↓↓↓
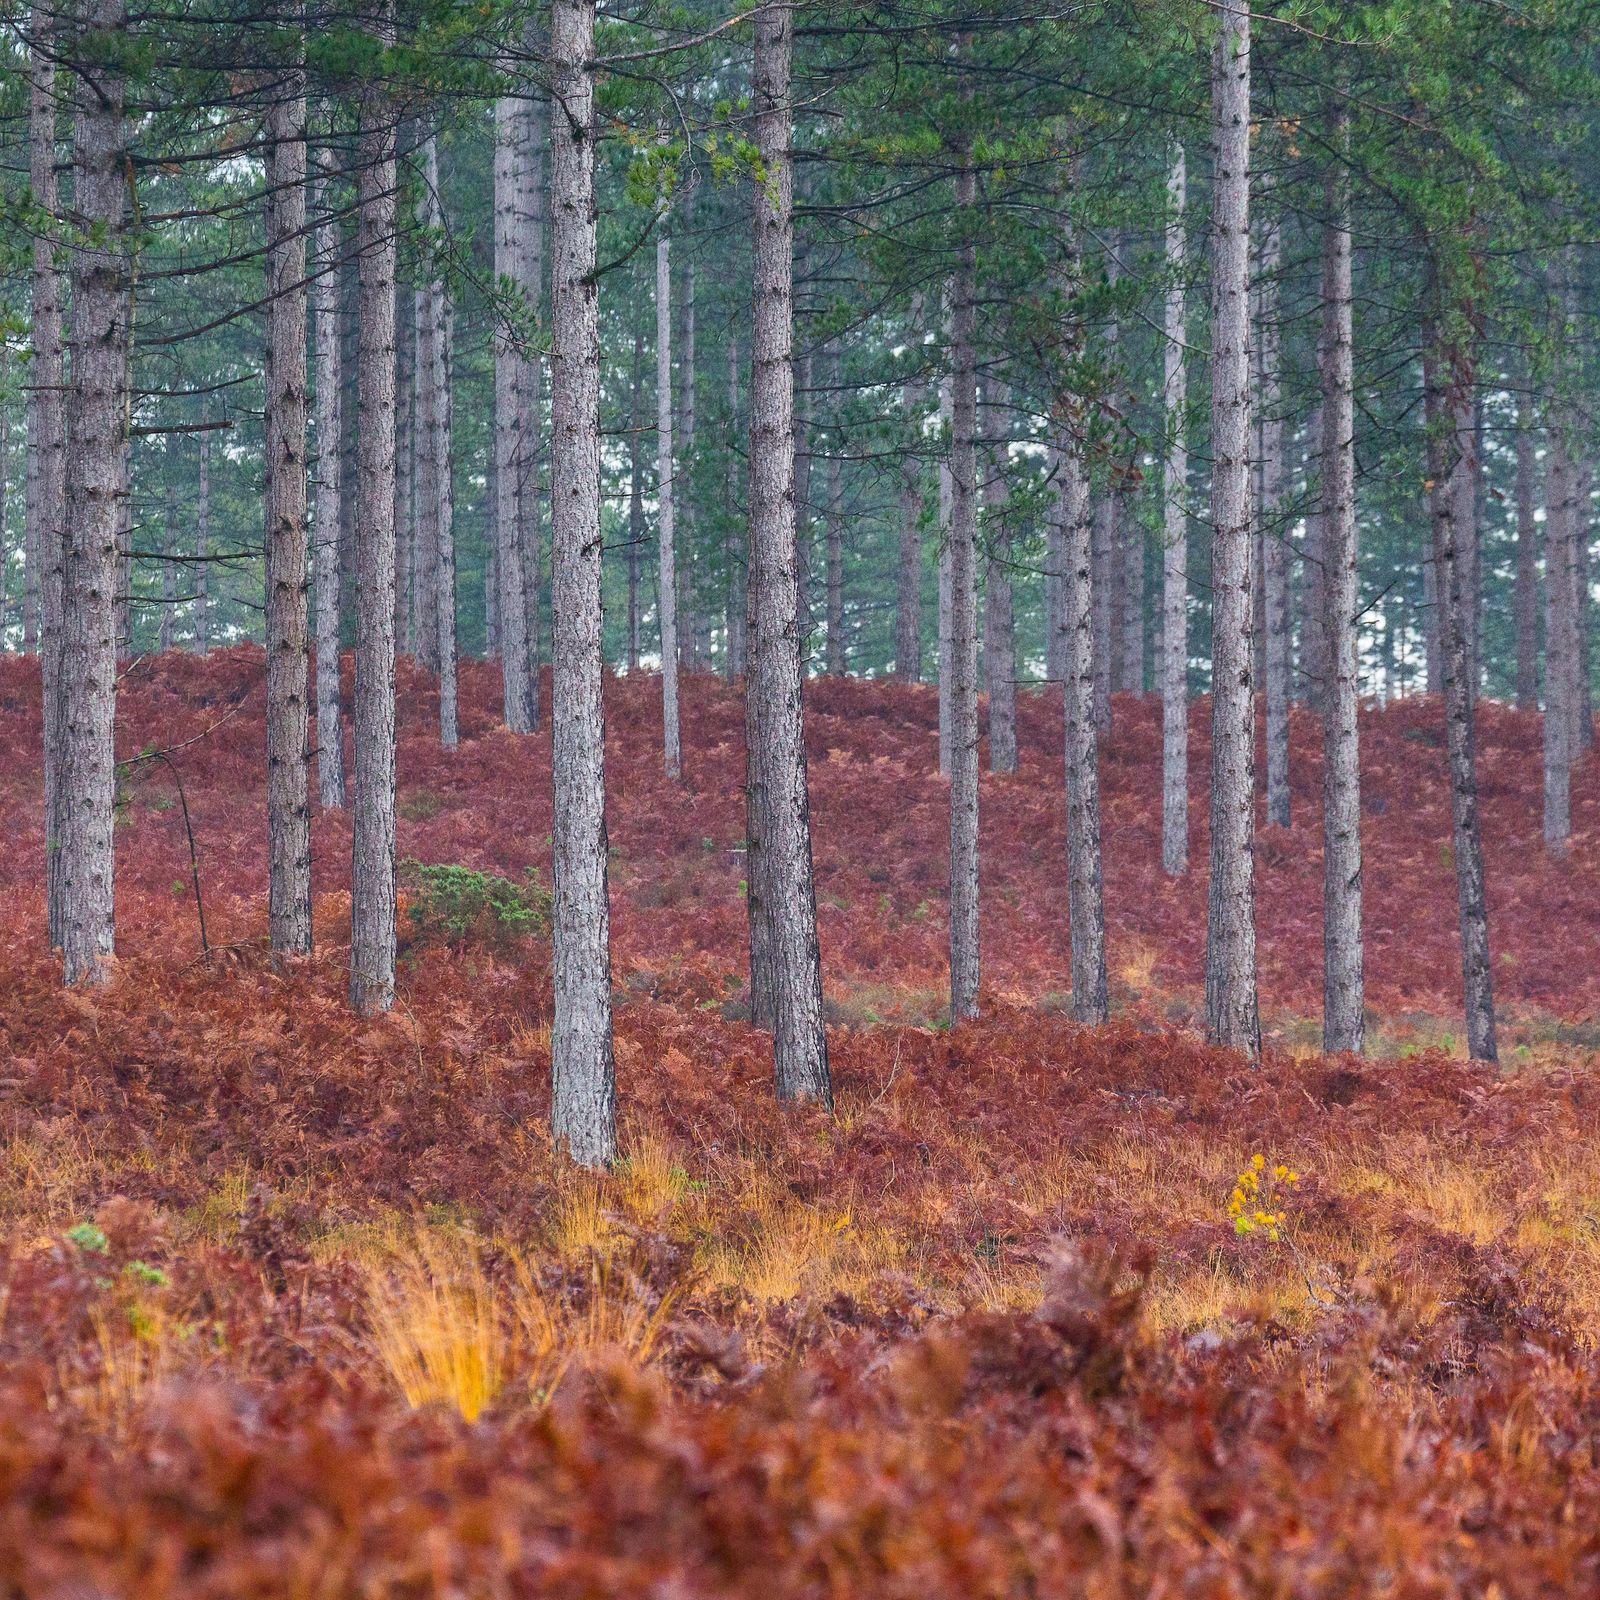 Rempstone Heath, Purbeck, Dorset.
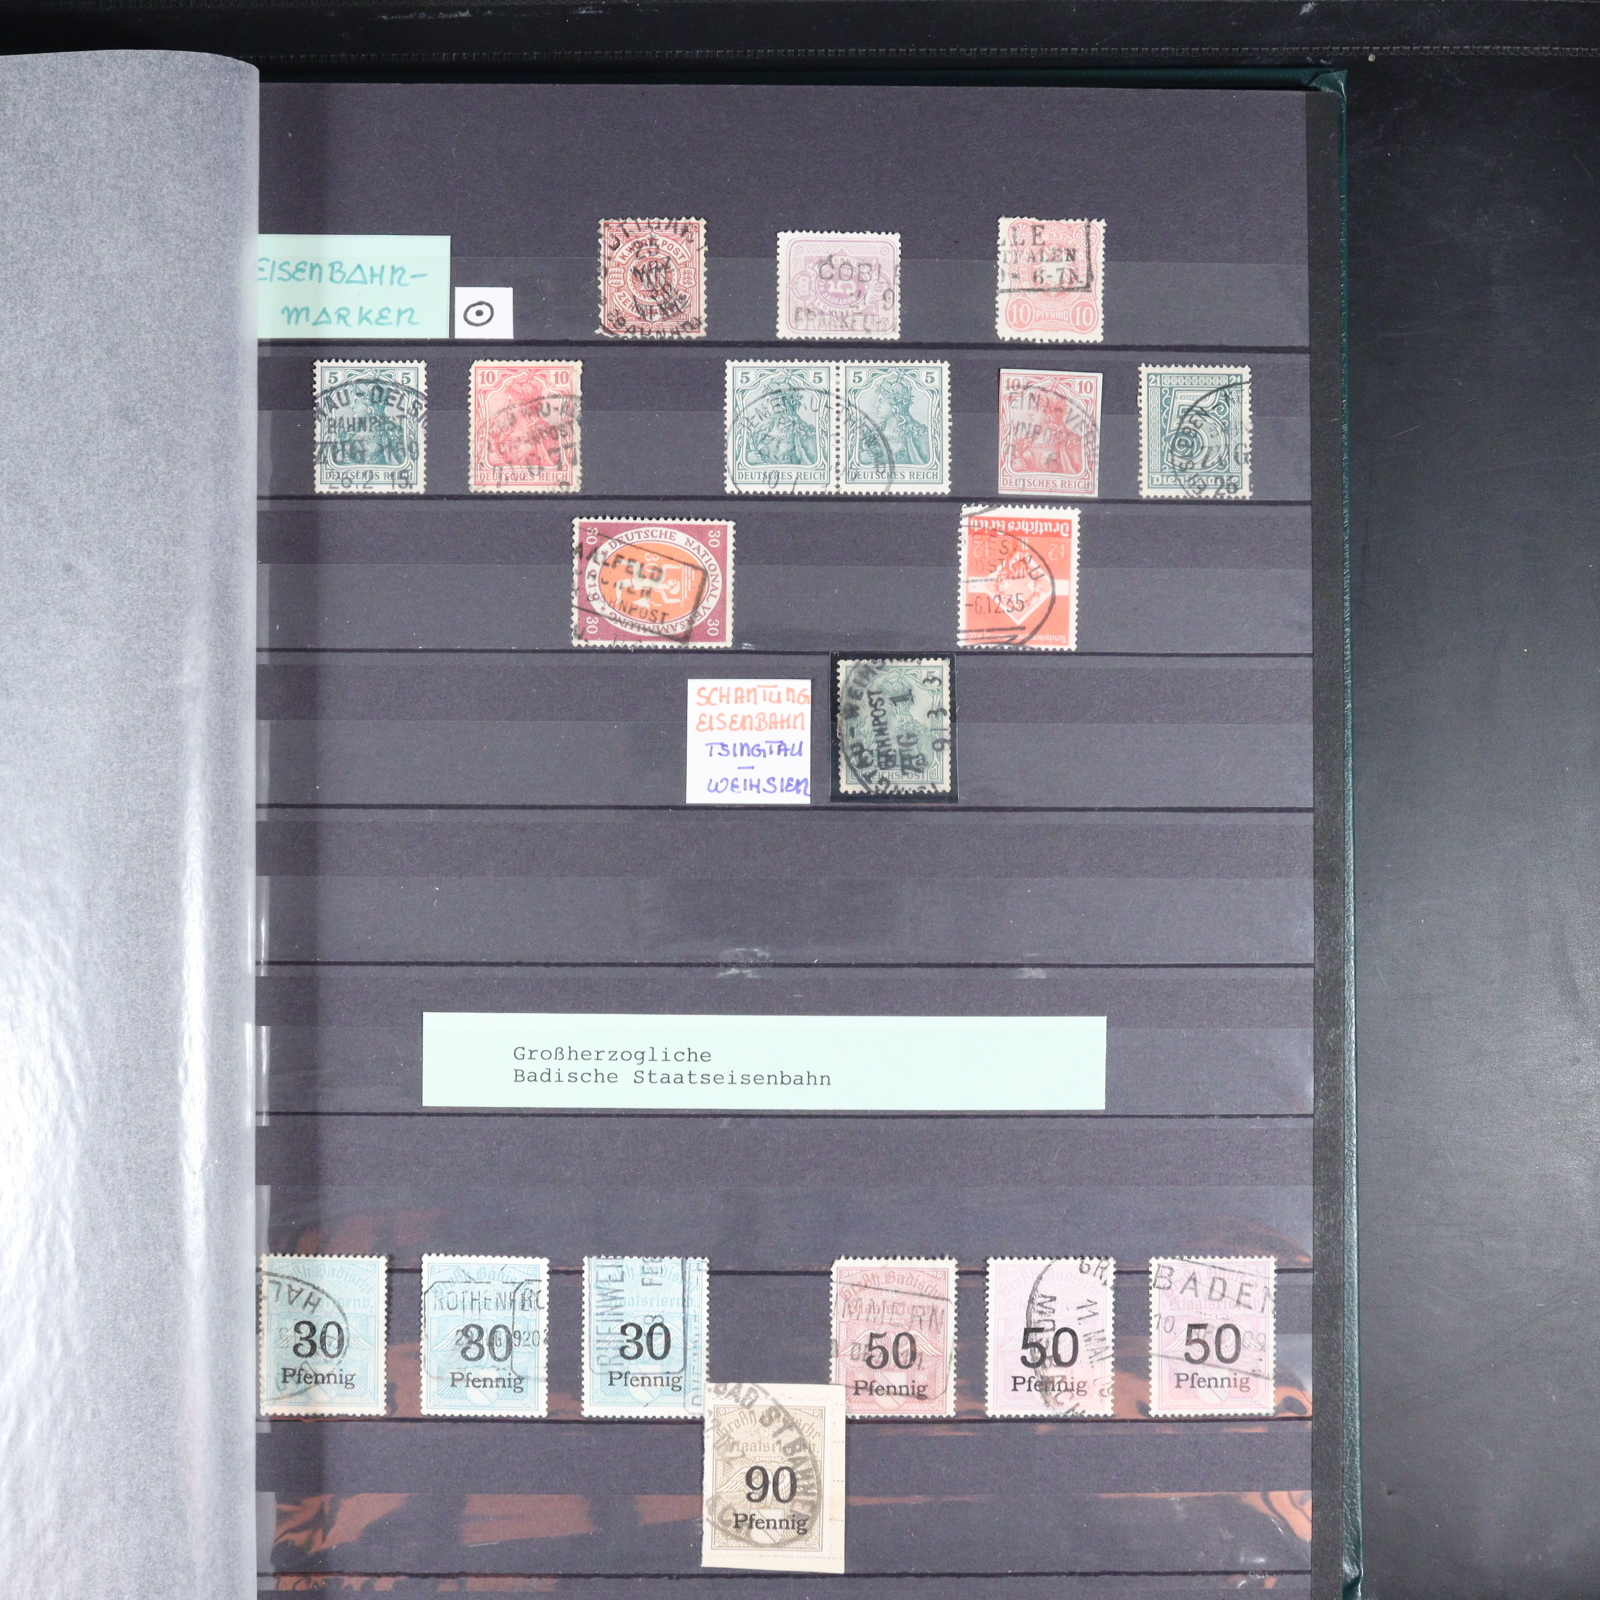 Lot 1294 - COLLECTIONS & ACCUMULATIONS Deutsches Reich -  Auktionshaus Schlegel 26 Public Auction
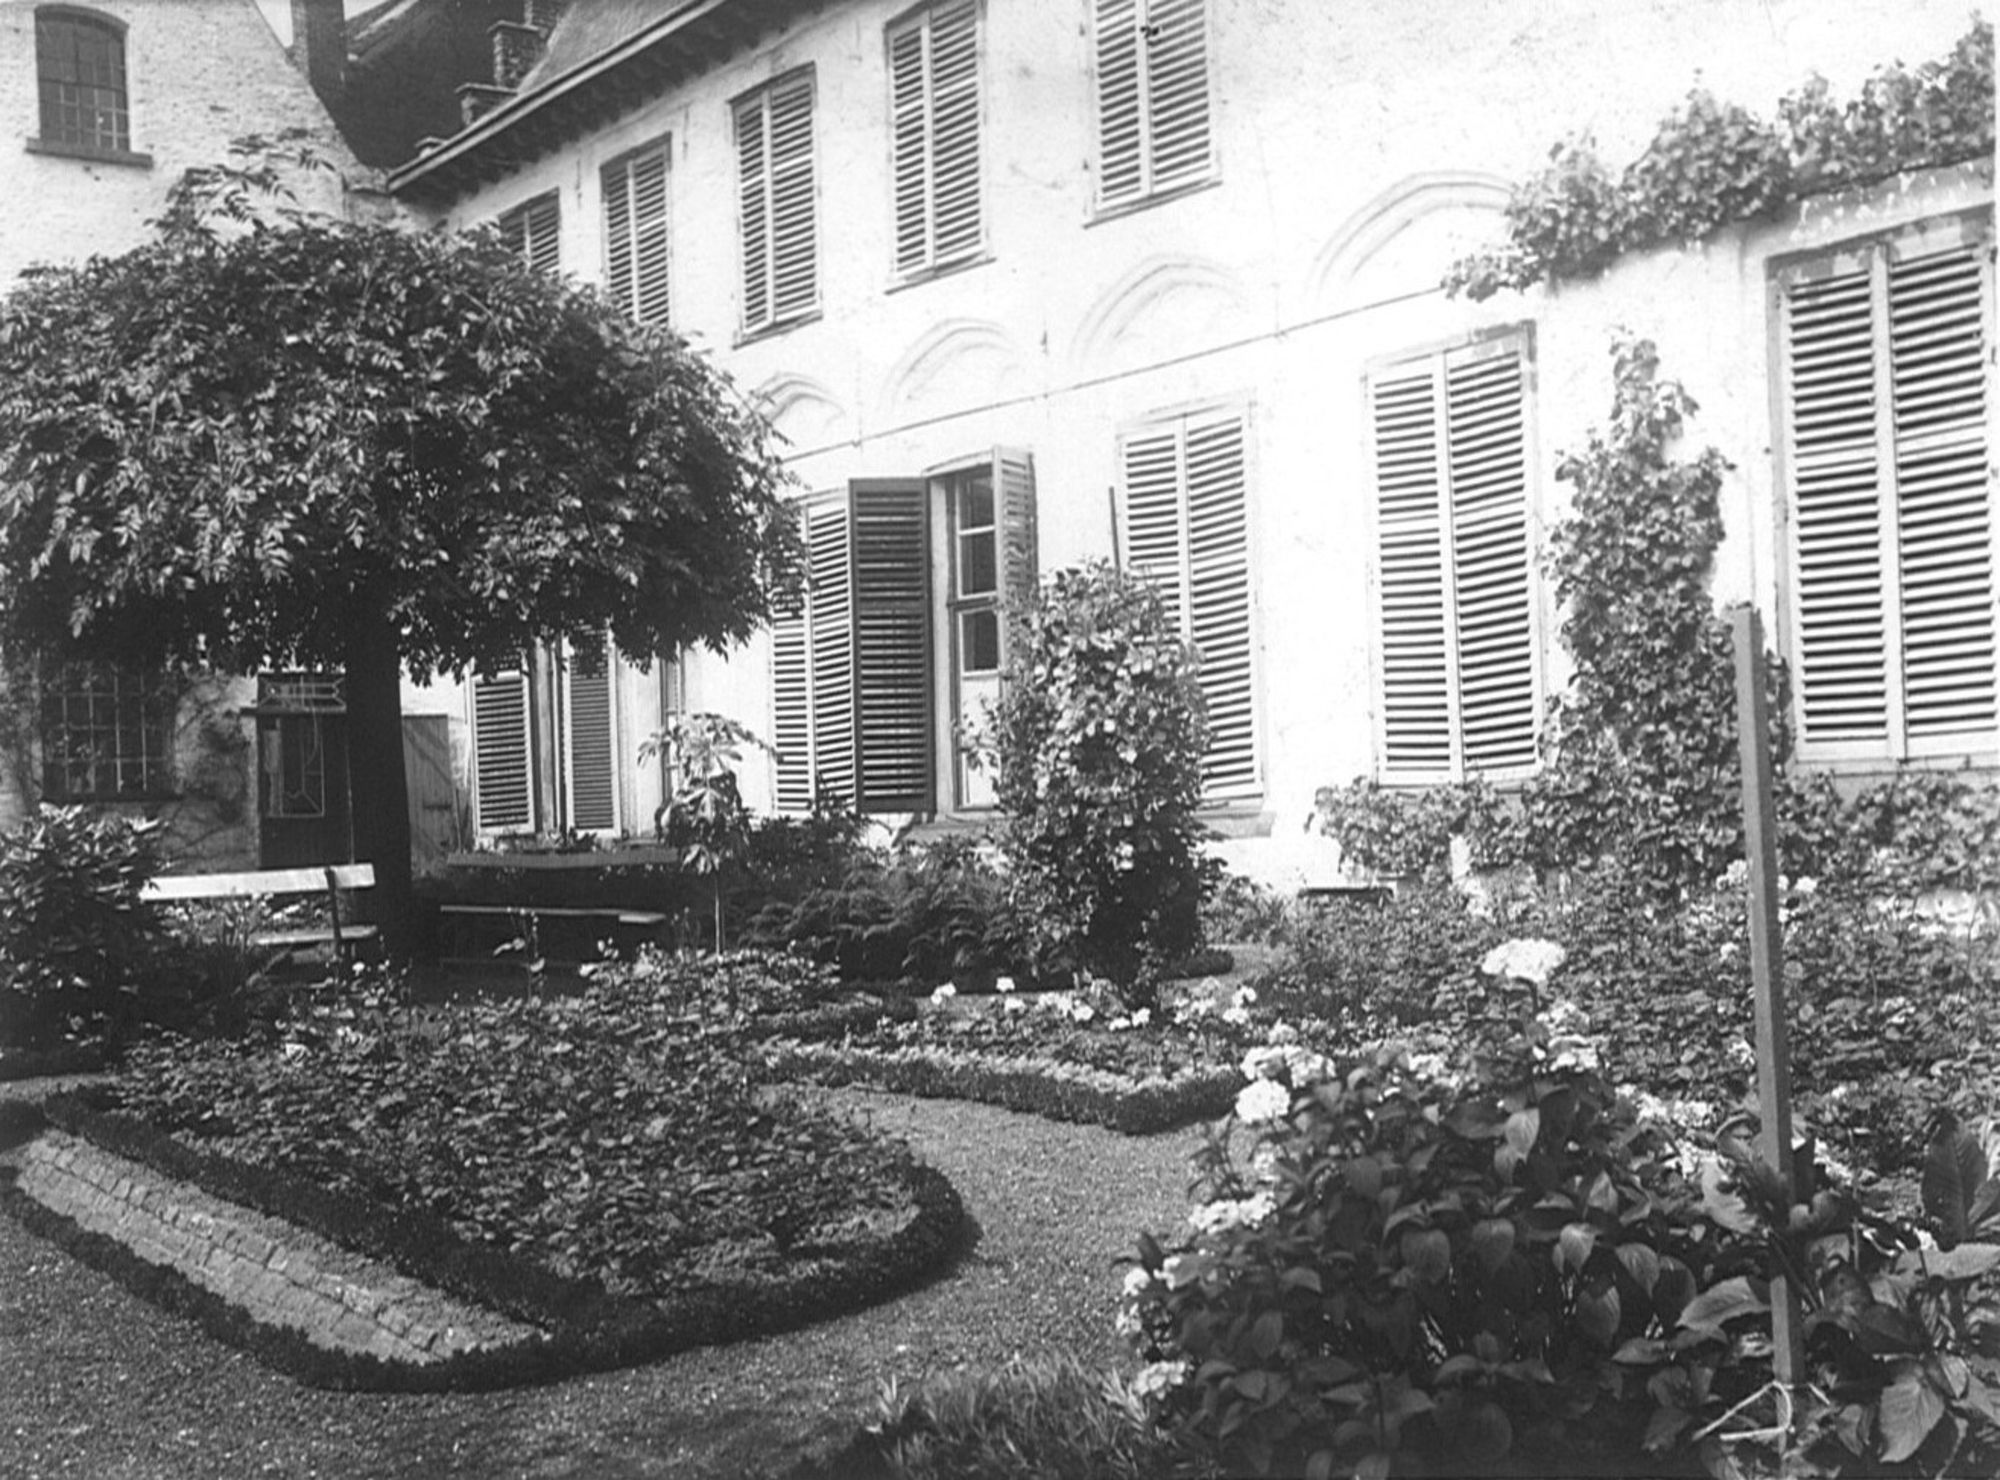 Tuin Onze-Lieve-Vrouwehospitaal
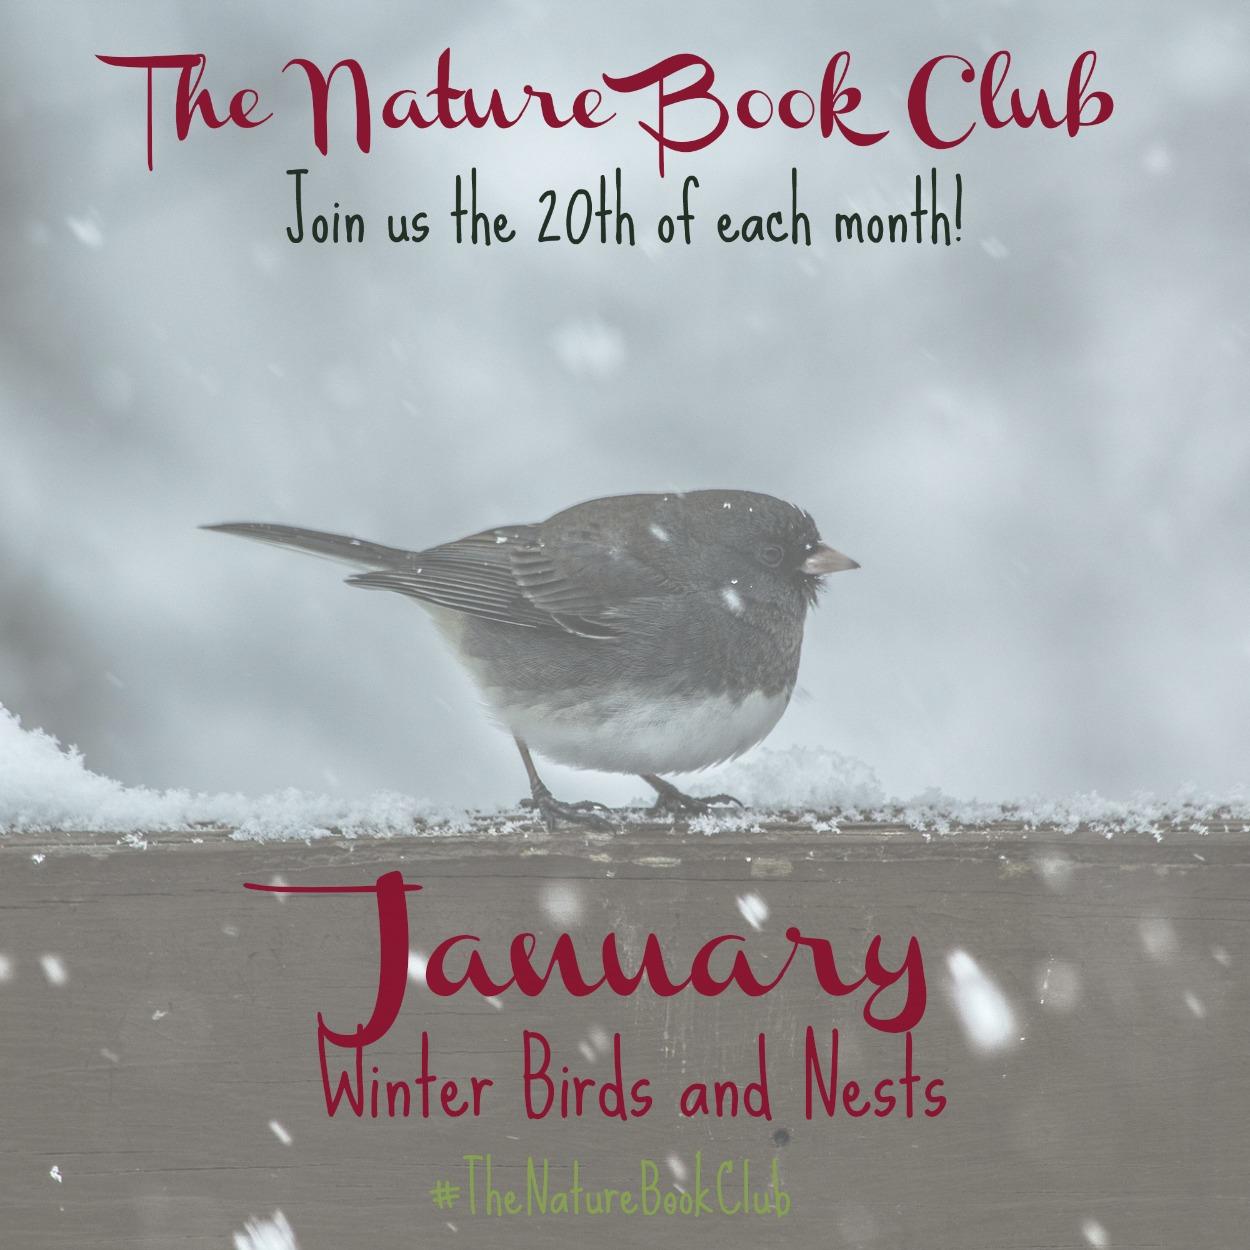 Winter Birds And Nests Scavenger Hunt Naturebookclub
↑↑↑
- _What to work on_: The task calls for every line of the data to be returned exactly, without pictures.

- _Completed task_:
 Rempstone Heath, Purbeck, Dorset.
 Lot 1294 - COLLECTIONS & ACCUMULATIONS Deutsches Reich -  Auktionshaus Schlegel 26 Public Auction
 Tuin Onze-Lieve-Vrouwehospitaal
 Winter Birds And Nests Scavenger Hunt Naturebookclub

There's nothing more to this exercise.